Ксюша супругу посоветовала «не выпендриваться», и поэтому насос-форсунки он сделал бронзовые. Сделал две, поскольку первая «не заработала». Когда не заработала и вторая, до парня дошло, что причина поломки мотора может быть и не связана с форсункой, а когда после прочистки топливного фильтра мотор снова заработал, у него остались две очень хорошие детальки, которые выкидывать было исключительно жалко…

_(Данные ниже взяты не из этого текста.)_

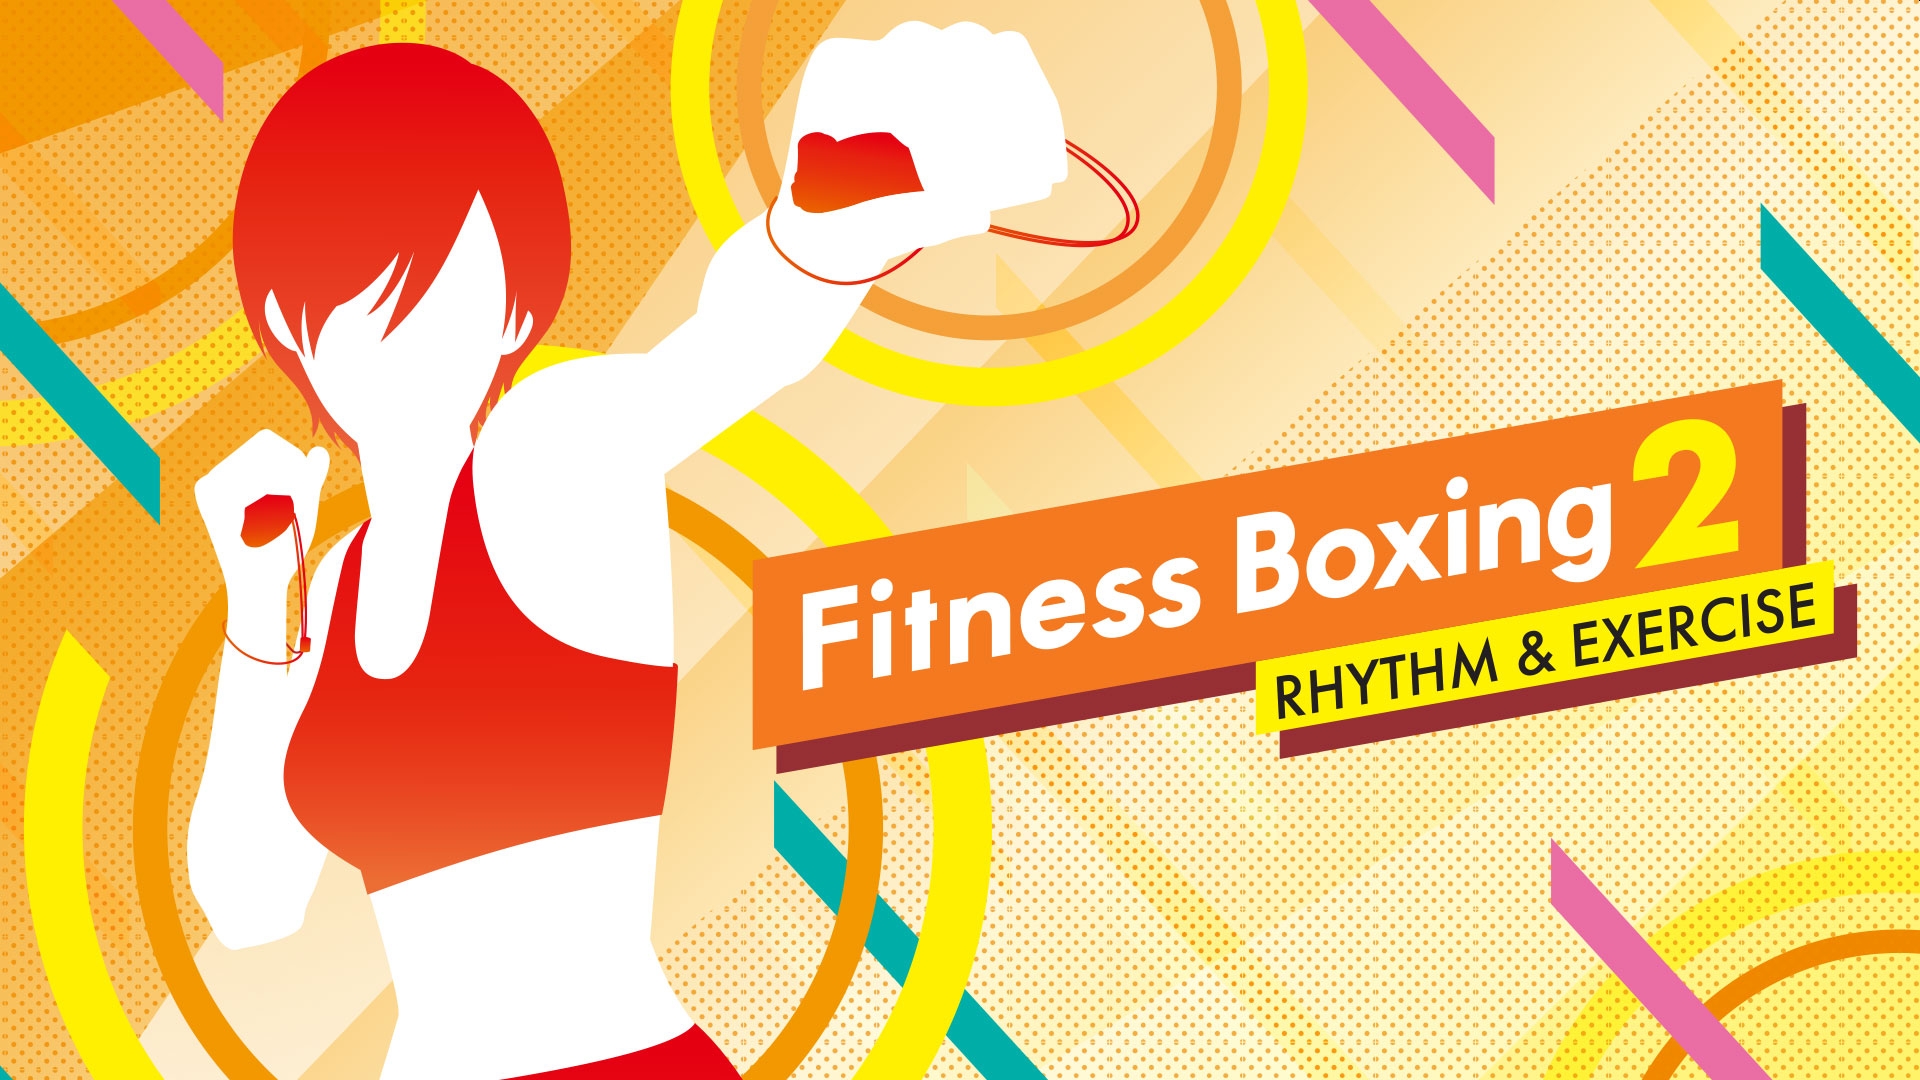 Fitness Boxing 2: Rhythm And Exercise Demo Now Available On Nintendo Switch

В результате проявленной «жадности» у Саши появился новенький дизельный мотор. Четырехцилиндровый, мощностью в районе двадцати пяти сил. Послабее, чем сорокасильный «газобензиновый», но зато употребляющий дизельное топливо, которое из «масляного реактора» вытекало со скоростью за полтораста литров в сутки. Тоже не ахти как много, но с одного гектара того же рапса можно «собрать» несколько тонн «биодизеля», а на вспашку этого гектара и посев с уборкой трактор должен был потратить где-то килограмм пятьдесят топлива. Ну, еще пять-десять соток картошки нужно для получения спирта, чтобы из масла этот самый биодизель сделать, но в любом случае выгода – налицо! Так что Лиза немедленно выпуск таких тракторов Саше в план включила.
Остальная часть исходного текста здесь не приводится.